Article Text
Abstract
Background BMS–986218 is a nonfucosylated human IgG1 anti-cytotoxic T-lymphocyte antigen (CTLA)-4 monoclonal antibody with optimized CD16 FcγR binding that enhances T-cell priming and mitigates T-regulatory cell–mediated suppression in the tumor microenvironment. In preclinical models, BMS-986218 increased the proportion of antigen-specific CD8+ effector T cells vs ipilimumab in peripheral blood.1 We present safety, efficacy, and pharmacodynamic data from the dose-escalation part of the first-in-human study of BMS-986218 ± nivolumab in patients with advanced solid tumors (NCT03110107).
Methods Patients with advanced solid tumors, disease progression on ≥ 2 lines of therapy (≥ 1 line for patients with melanoma), and Eastern Cooperative Oncology Group performance status 0–1 were included. Patients received BMS-986218 as monotherapy (2–200 mg Q4W or 20–50 mg Q2W) or as combination therapy (BMS-986218 20–70 mg Q4W plus nivolumab 480 mg Q4W). The primary endpoint was safety and tolerability. Secondary endpoints included preliminary efficacy and characterization of BMS-986218 ± nivolumab pharmacokinetics and immunogenicity.
Results In total, 155 patients were treated on dose escalation; 107 with monotherapy and 48 with combination (table 1). Any-grade and grade 3/4 treatment-related adverse events (TRAEs) were reported in 58% and 18% of monotherapy patients, respectively. The most common grade 3/4 TRAE was diarrhea (5%). Any-grade and grade 3/4 TRAEs were reported in 60% and 27% of combination patients, respectively. The most common 3/4 TRAEs were colitis (6%) and increased amylase (6%). TRAEs leading to treatment discontinuation were reported in 11% of monotherapy patients and 15% of combination patients. A grade 5 TRAE of pneumonitis was reported in the monotherapy group at the 7-mg Q4W dose level. Partial responses with durations of 1.9–10.3 months were observed with monotherapy and combination therapy in patients with microsatellite-stable colorectal, pancreatic, gastric, and breast cancer. Analysis of peripheral cytokine levels (interferon-γ, CXCL9, and CXCL10) showed increases with increasing BMS–986218 dose in the monotherapy and combination groups (figure 1). Additional preclinical and clinical results will be presented.

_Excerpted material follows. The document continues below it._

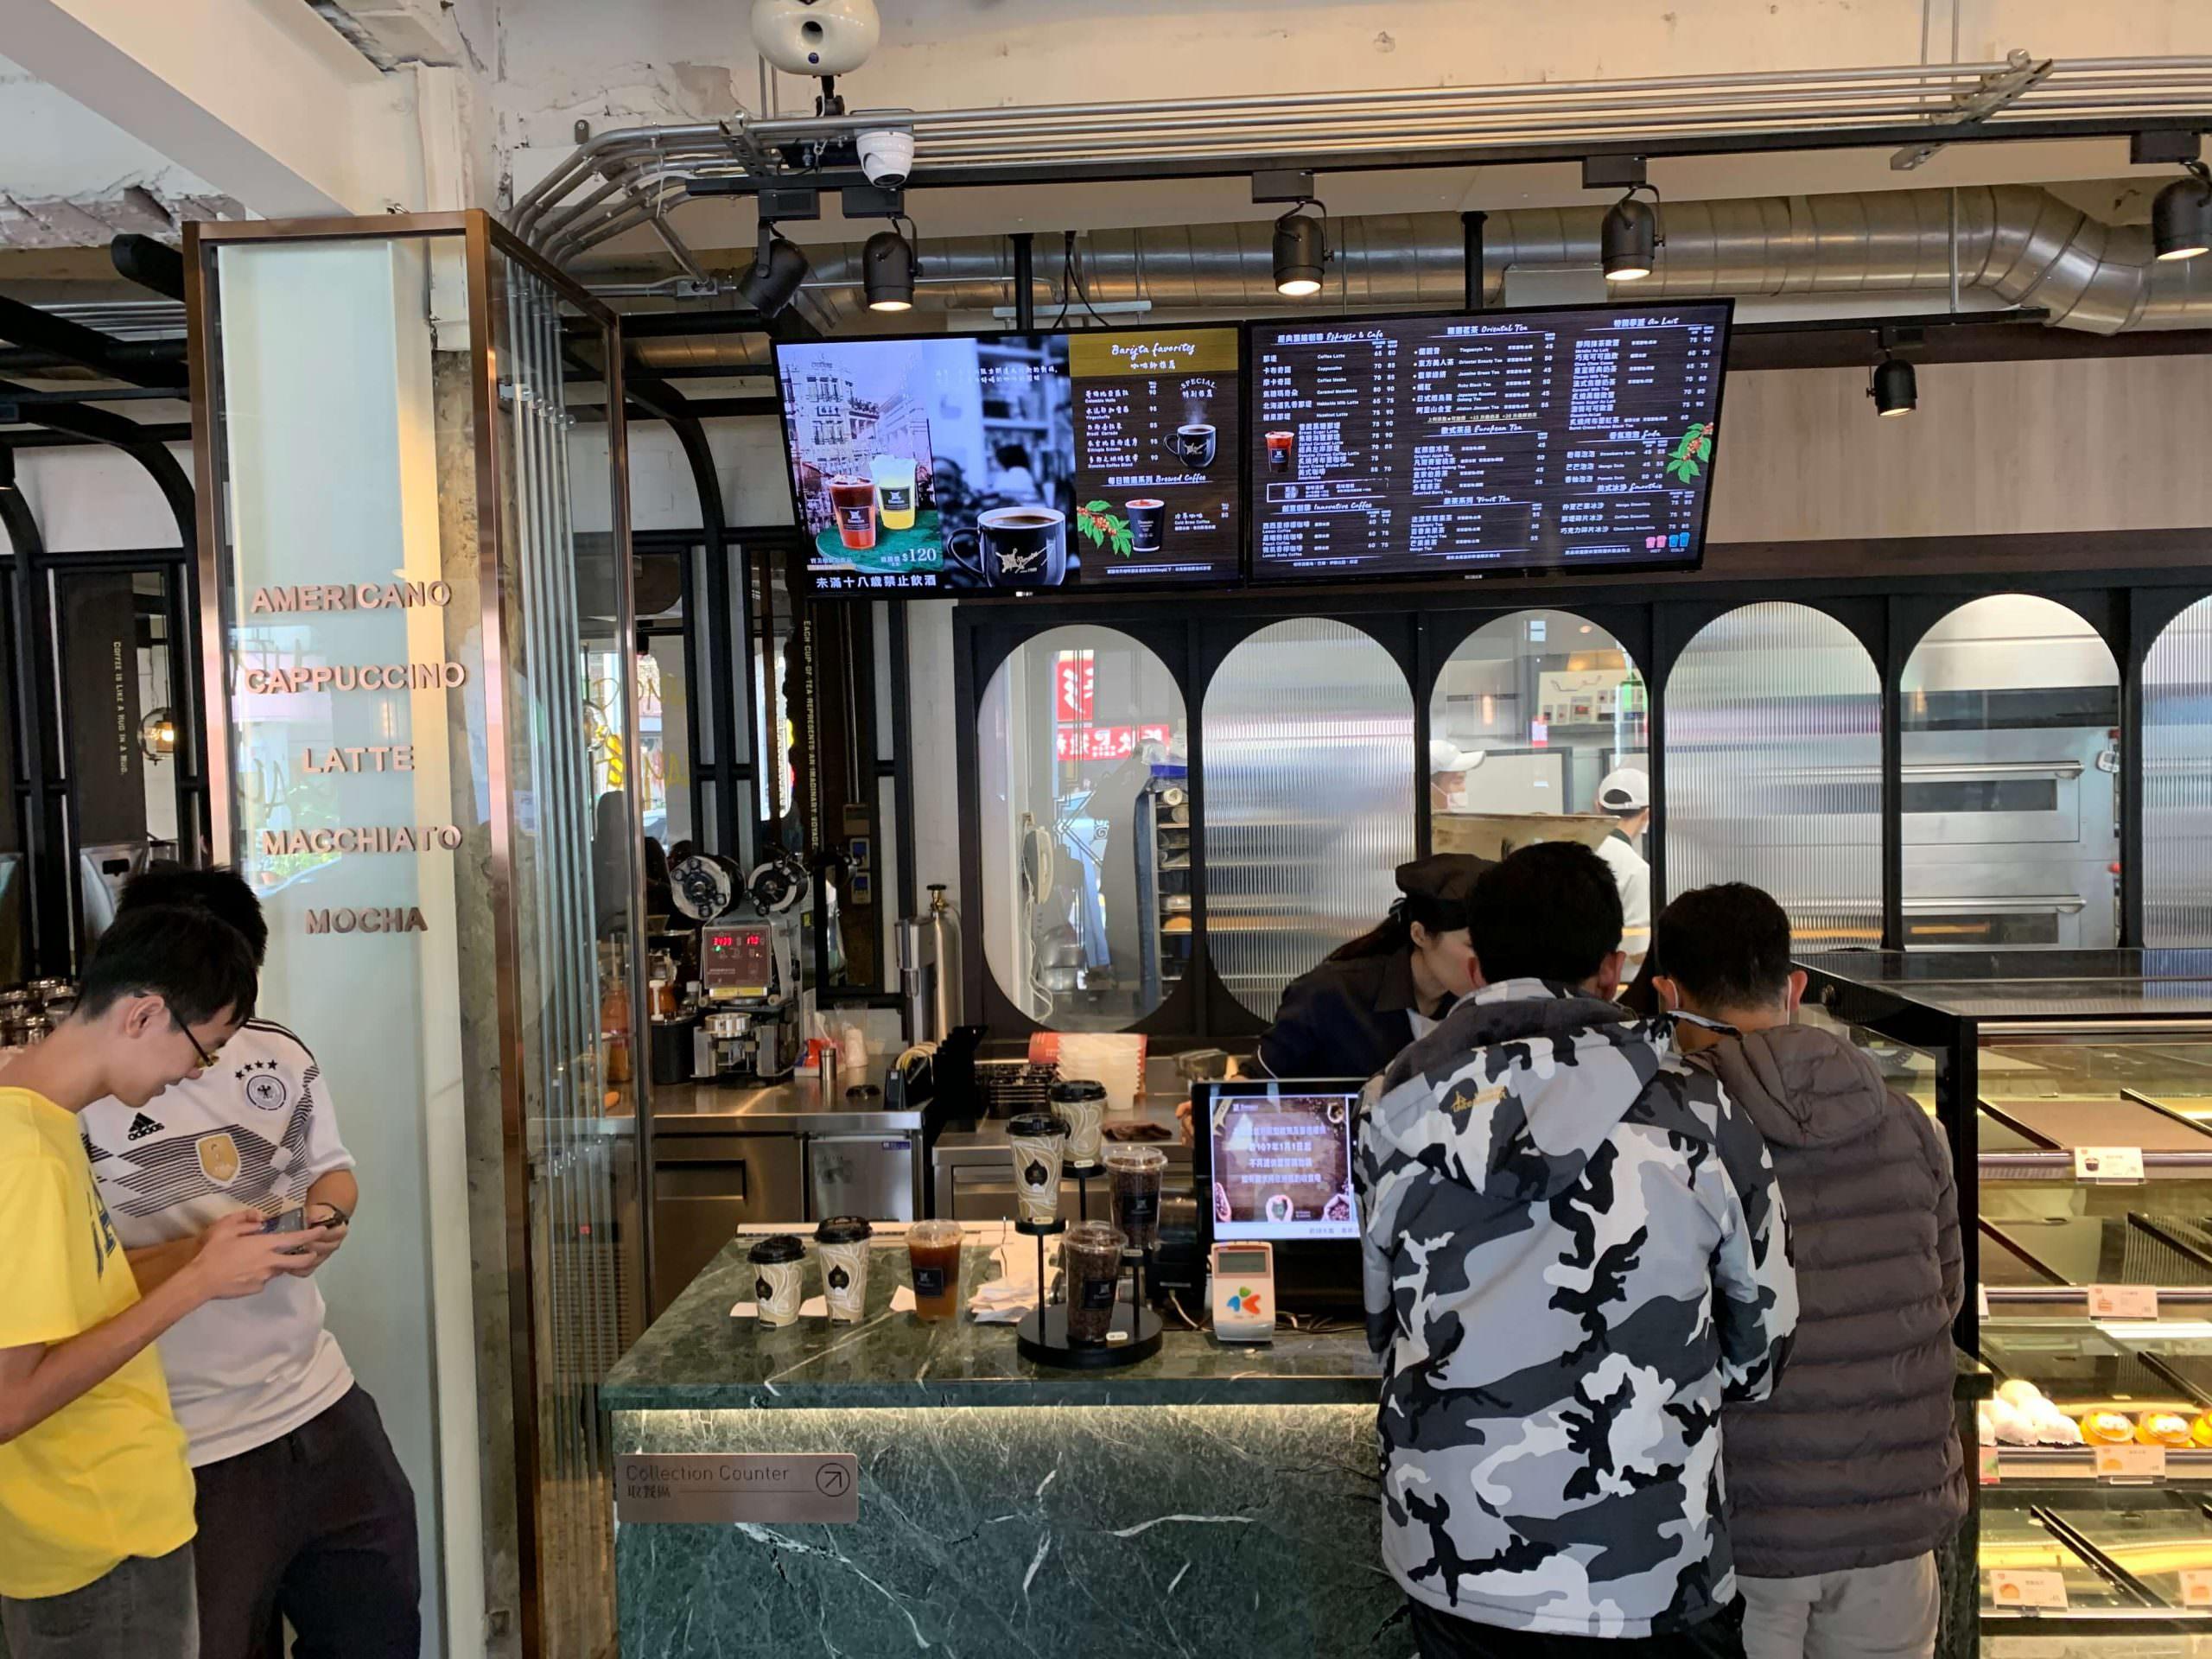 [臺南美食] 多那之西門店 - 日治時代的高級料理亭寶美樓變成咖啡館了! - 臺南阿青的部落格

Conclusions BMS-986218 demonstrated a tolerable safety profile and preliminary antitumor activity as monotherapy and in combination with nivolumab across various tumor types, including tumors with high unmet need or that are traditionally immune checkpoint inhibitor-insensitive. These results support further investigation of nonfucosylated anti-CTLA-4 therapies. The dose expansion part of the BMS-986218 ± nivolumab study and a phase 1/2 study evaluating anti–CTLA-4 nonfucosylated probody (BMS-986288; NCT03994601) ± nivolumab are ongoing.
Acknowledgements Claire Friedman is supported in part by a Cancer Center Support Grant of the NIH/NCI (Grant No. P30CA008748). Editorial support was provided by Rowena Fung, MPhil, of Spark Medica Inc.

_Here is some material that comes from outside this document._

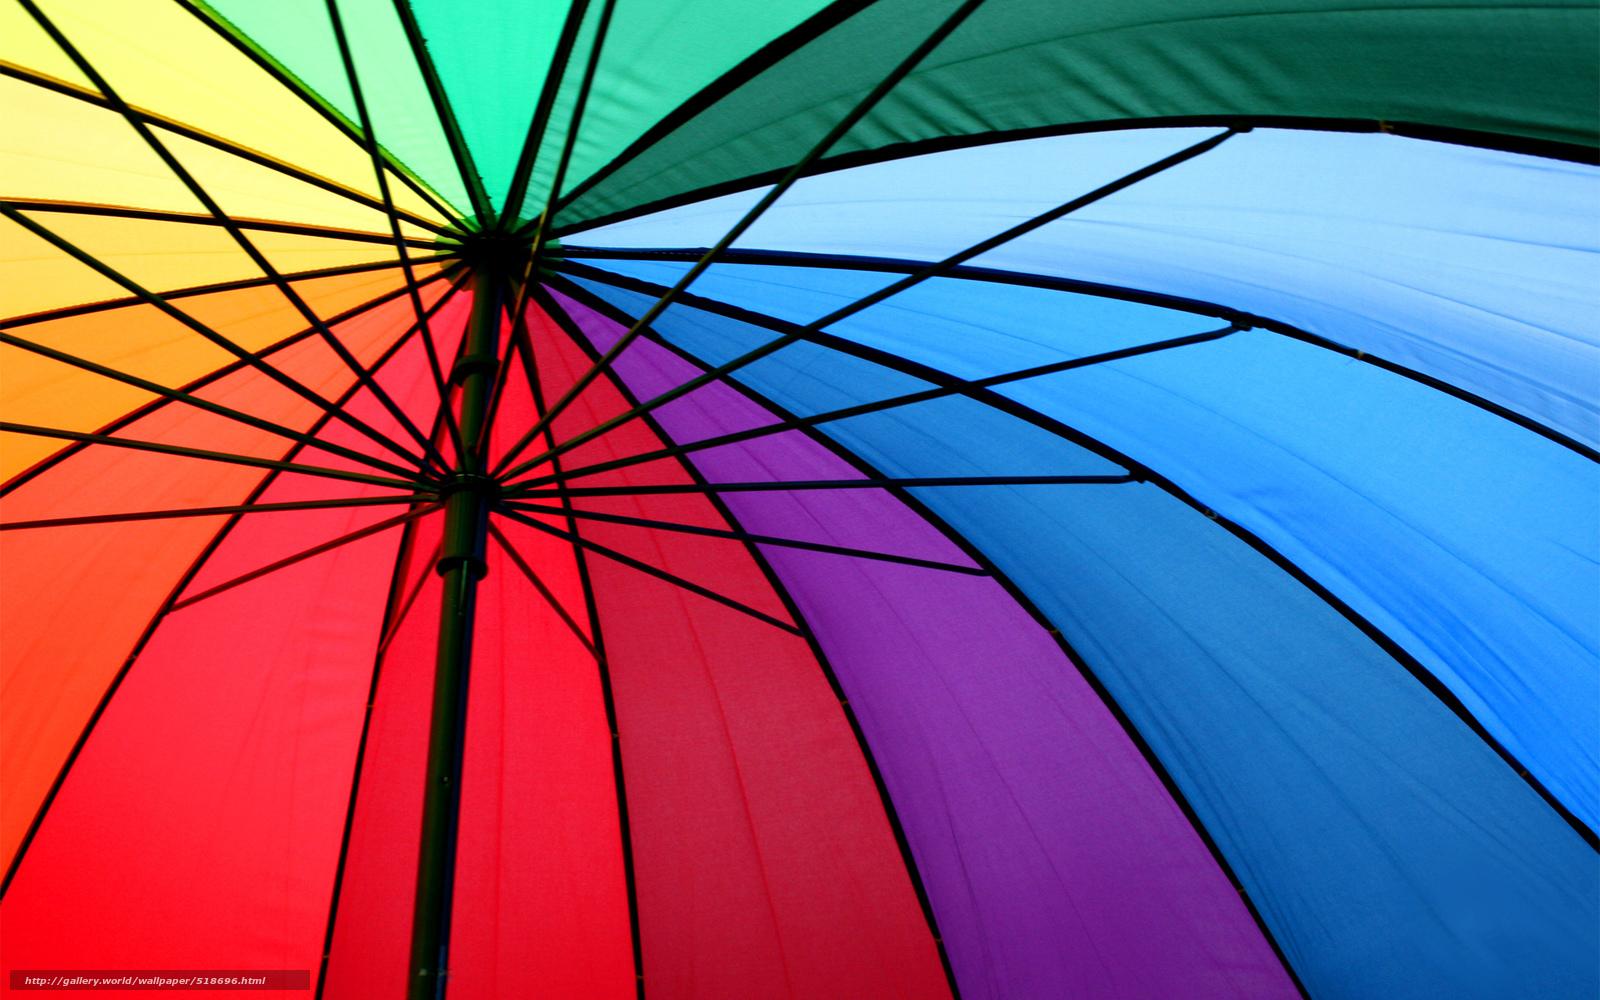 umbrella wallpaper download

Trial Registration Clinicaltrials. gov NCT03110107
References
Loffredo J, et al. Non-fucosylated anti-CTLA-4 antibody enhances vaccine-induced T cell responses in a non-human primate pharmacodynamic vaccine model. J Immunother Cancer. 2017;5(Suppl 2):Abstract P55.
Ethics Approval The trial protocol was approved by the institutional review boards or independent ethics committees of each study site and was conducted according to Good Clinical Practice guidelines, per the International Conference on Harmonisation. Patients provided written informed consent based on the principles of the Declaration of Helsinki.